Two men, one very tall, one very short, stood in protective oversuits and face masks, inside the lock-up garage in Munich. They looked a bit like a pair of rather shabby CSIs. This garage was shabby too, the kind you could rent cheaply pretty much the world over. Plasterboard inside a corrugated iron shell and a roller-shutter door. Big enough to fit a large car and to be able to work on it without bashing your elbows on the beat-up walls.
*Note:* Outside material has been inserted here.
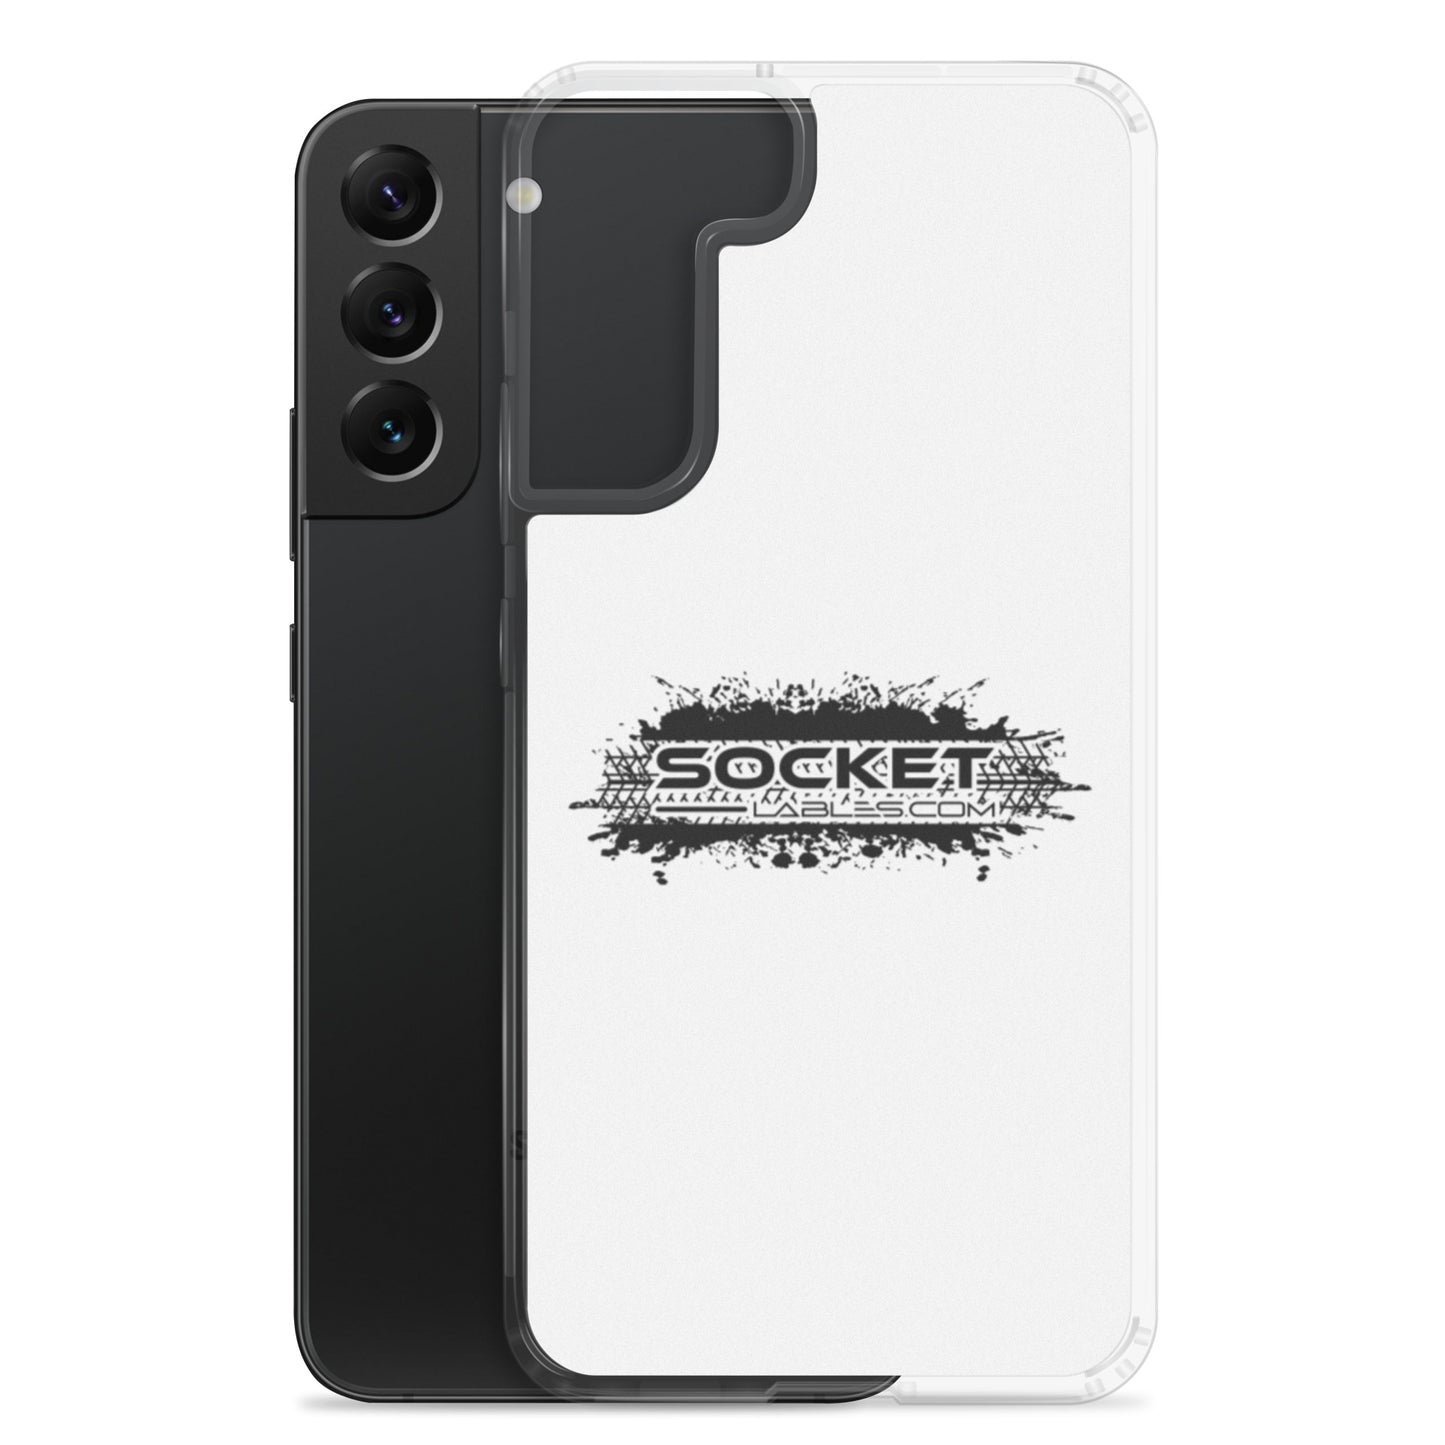 Socket Labels.com Samsung Case

‘Wouldn’t it have been easier just to have bought a used one?’ the short guy asked. ‘There must be ones for sale all the time.’
‘The boss said no,’ the tall guy responded. He was adjusting the nozzle on the gas cylinder with which he would, in a few moments, begin spray-painting the stolen five-year-old Mercedes E-Class estate a specific shade of cream. The car was sitting up on jacks, minus its wheels, with its bumpers, mirror and chrome grille covered in protective tape.
‘You know your problem?’ the short one said. ‘You’re halfway up the boss’s backside.’
‘And you know yours?’ the tall one replied. ‘When you were born they threw the best part away.’
Both of them pulled their masks down over their faces as the tall one fired up the spray gun and set to work.
When he had finished, the short one set to work on the electrics, checking everything was in working order. And, most important of all, the yellow and black roof light.